§ **Work request**
Return all the lines below exactly as written. Drop every picture.

§ **Provided data**
----------------
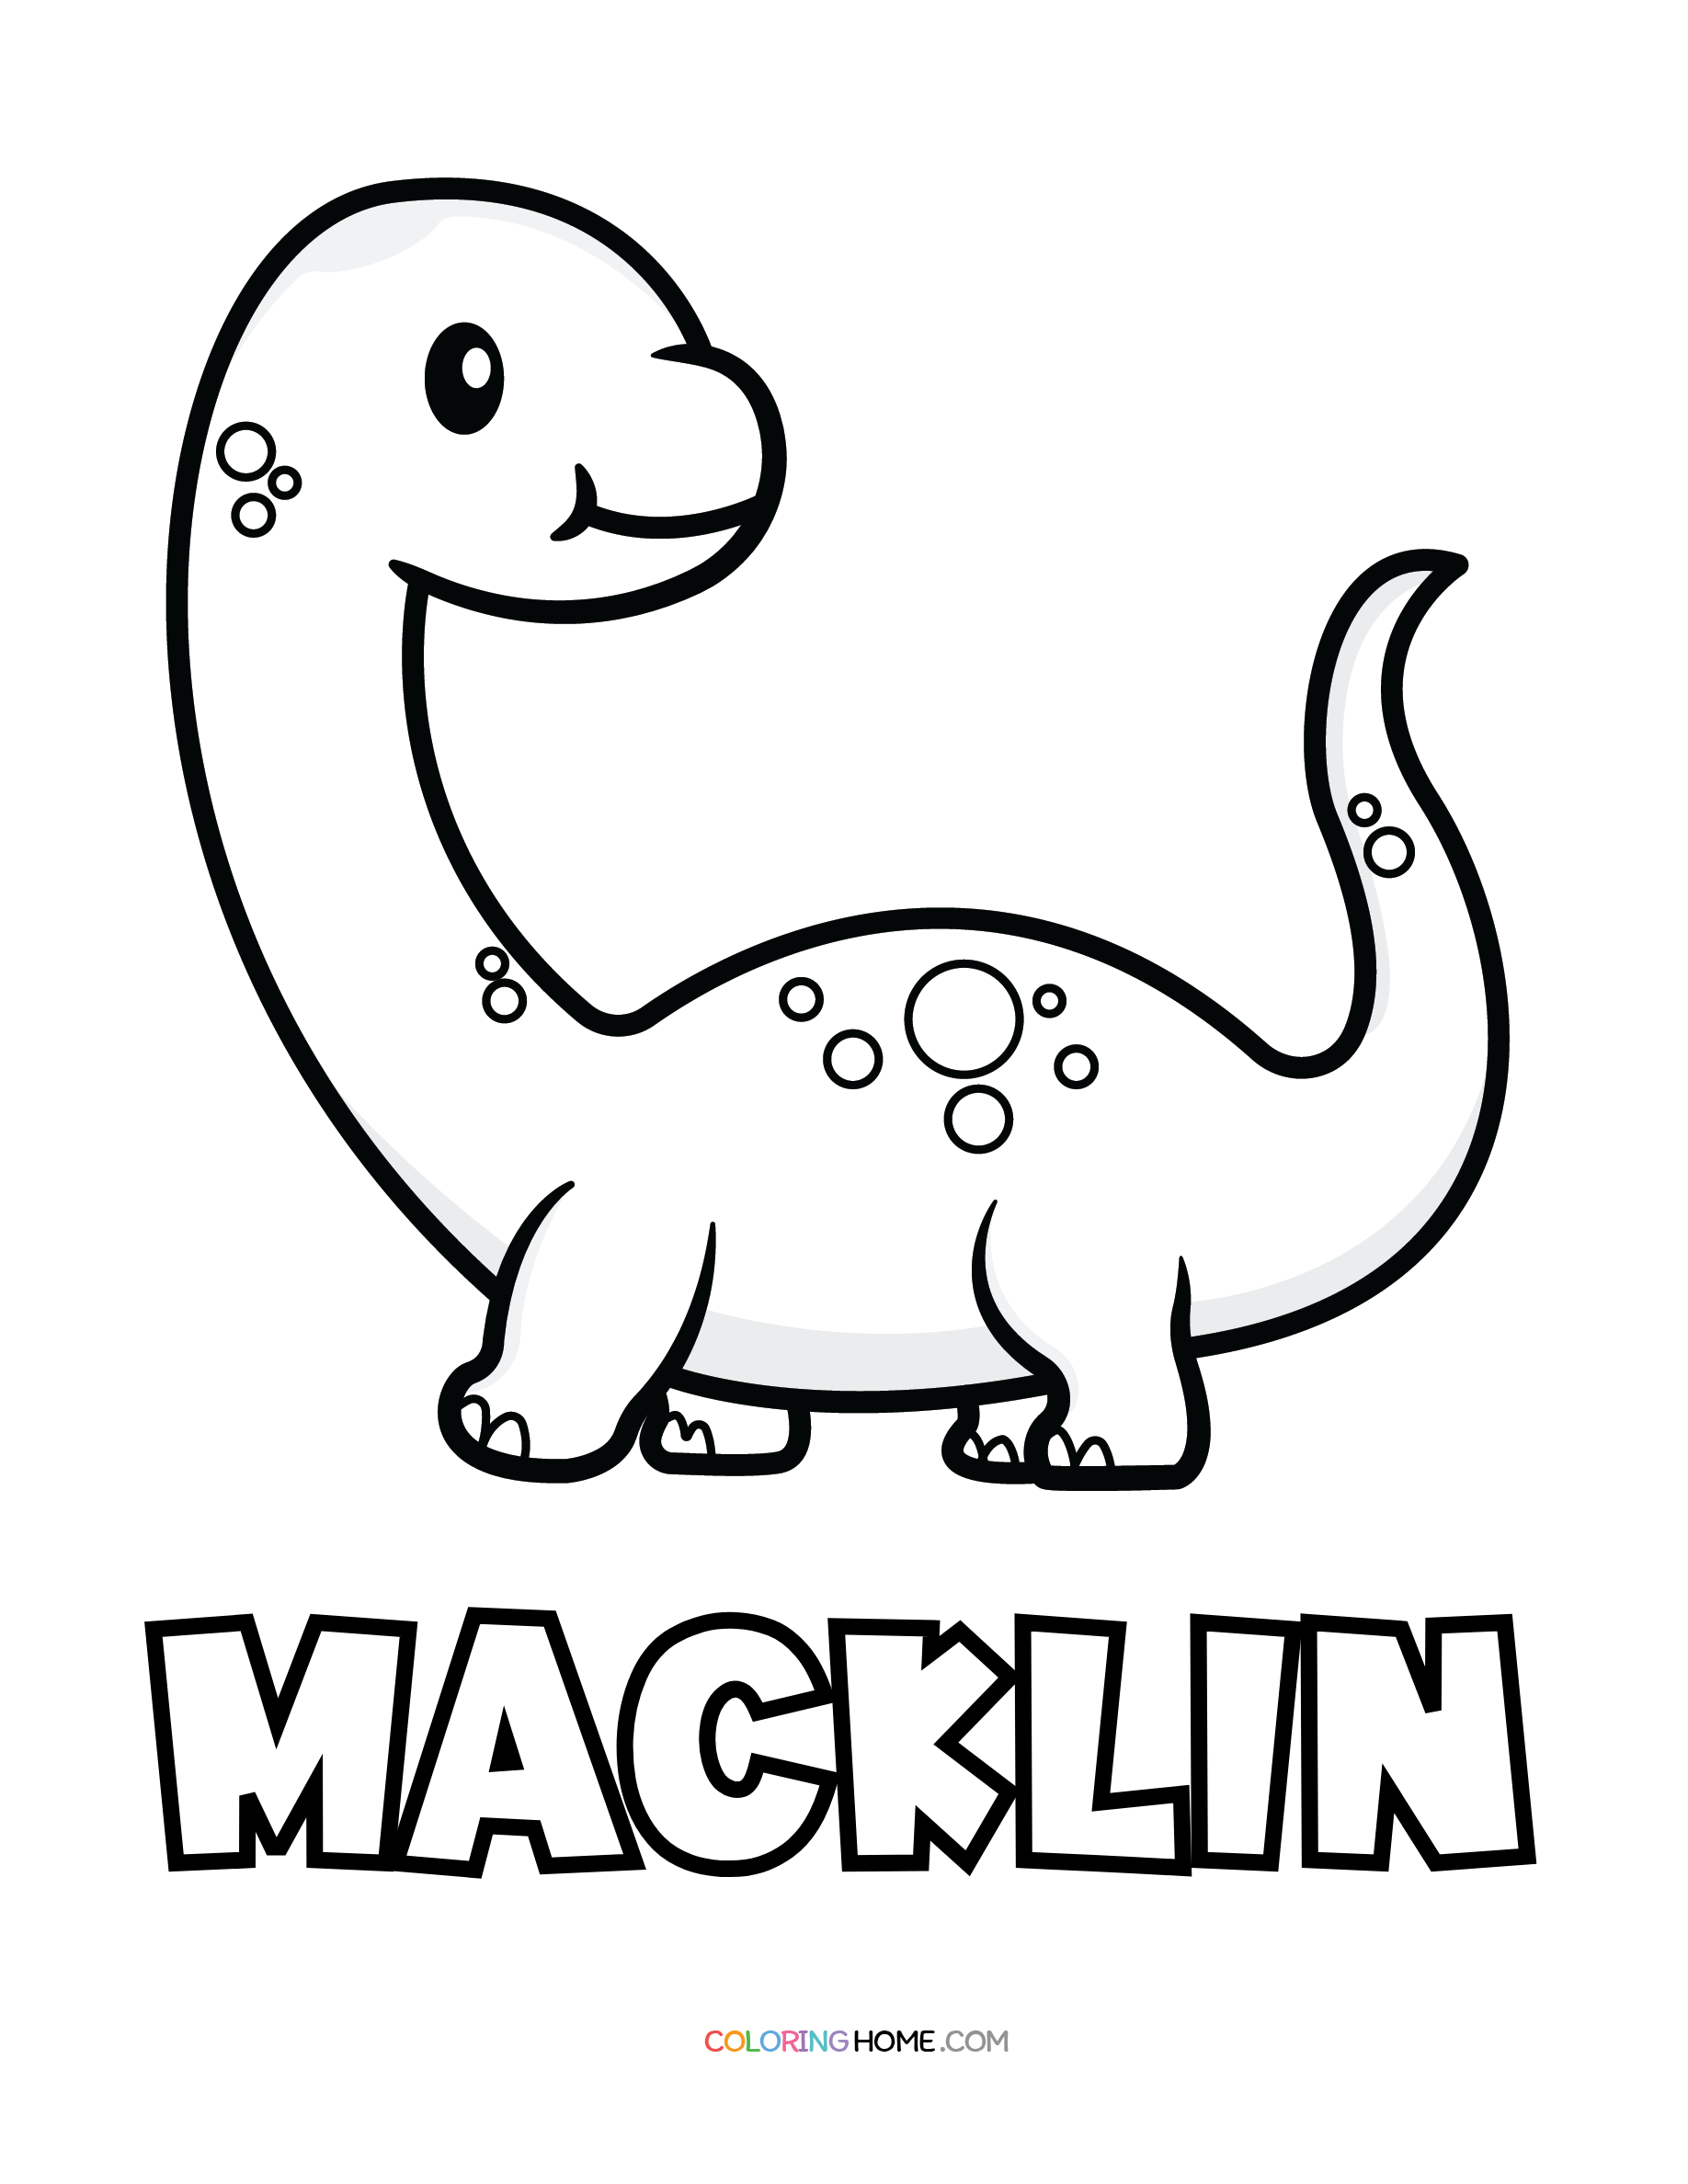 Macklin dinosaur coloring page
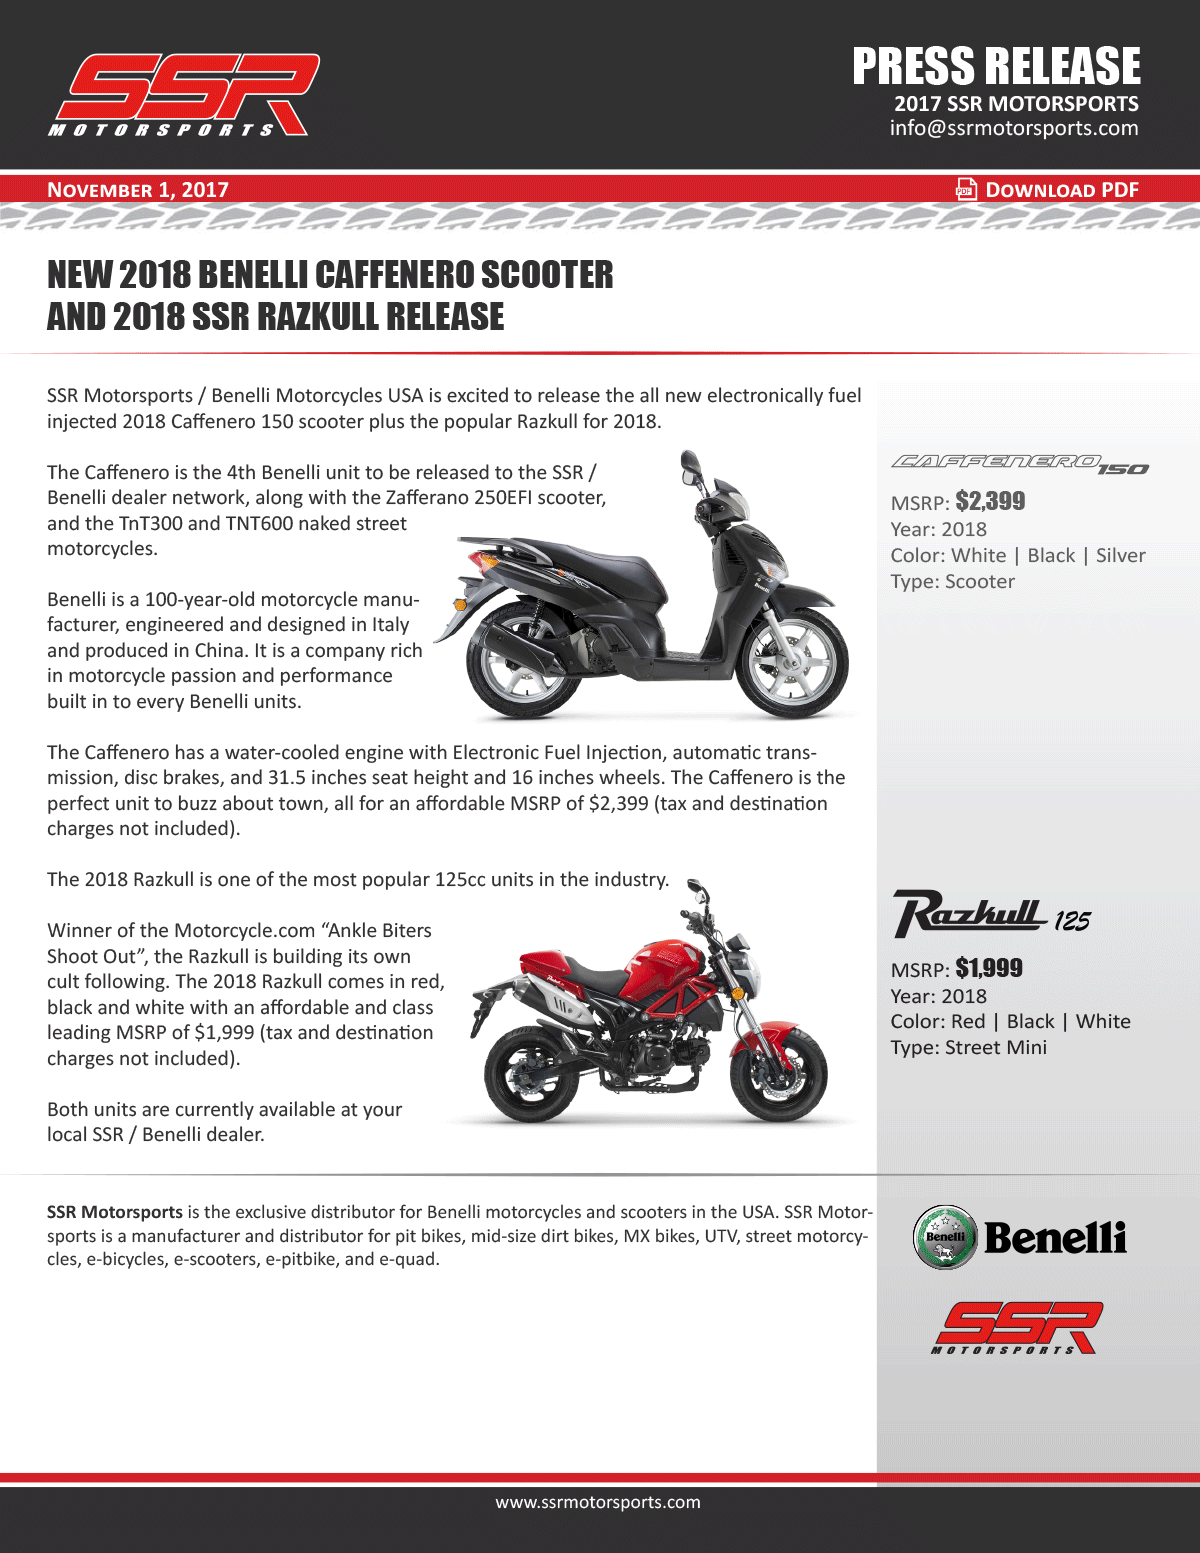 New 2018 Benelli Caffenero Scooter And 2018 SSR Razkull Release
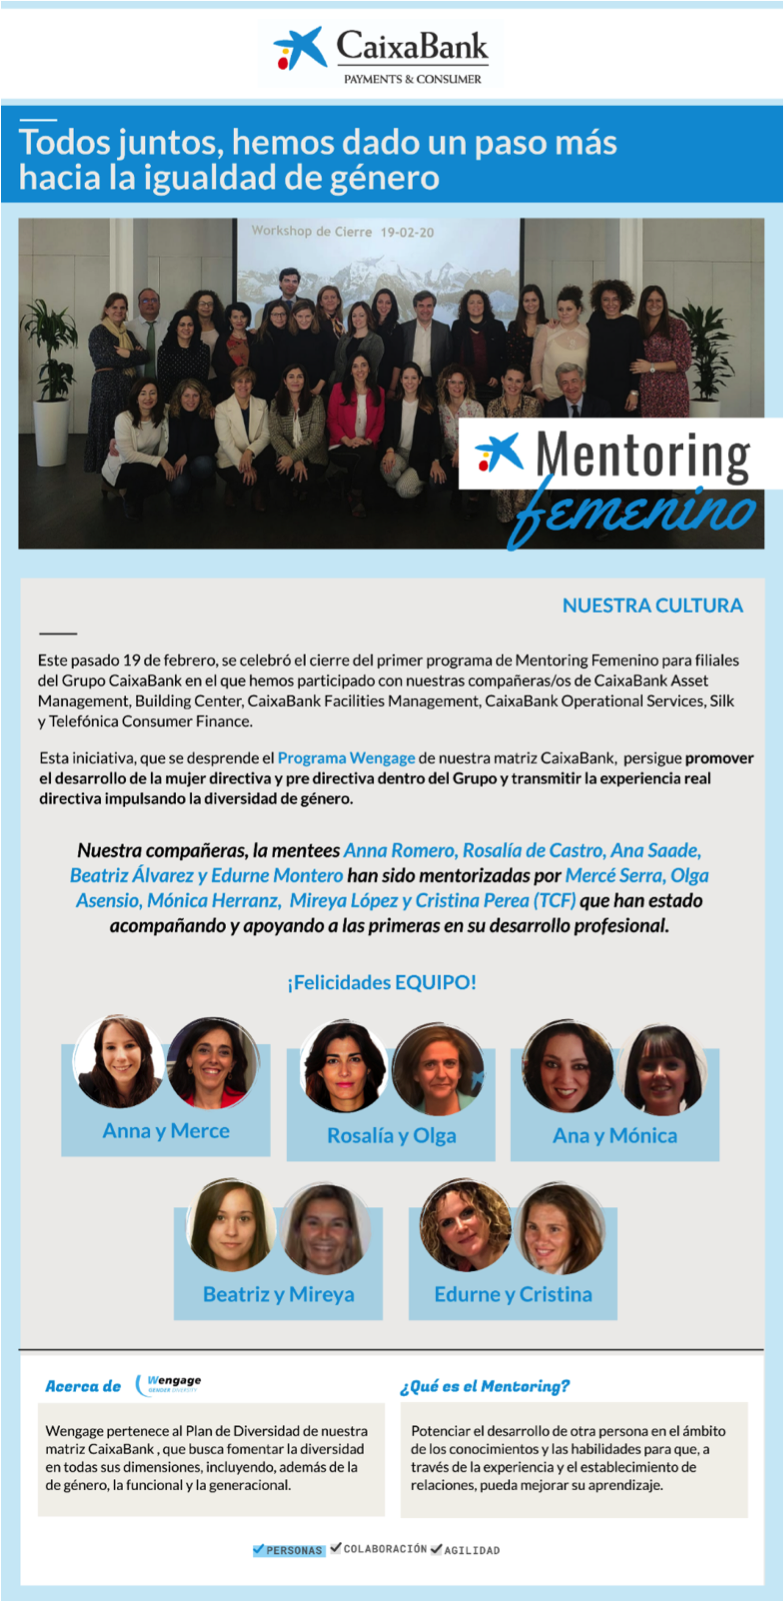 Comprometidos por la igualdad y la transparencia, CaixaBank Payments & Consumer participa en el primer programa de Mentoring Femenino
----------------
§ **Exercise output**
 Macklin dinosaur coloring page
 New 2018 Benelli Caffenero Scooter And 2018 SSR Razkull Release
 Comprometidos por la igualdad y la transparencia, CaixaBank Payments & Consumer participa en el primer programa de Mentoring Femenino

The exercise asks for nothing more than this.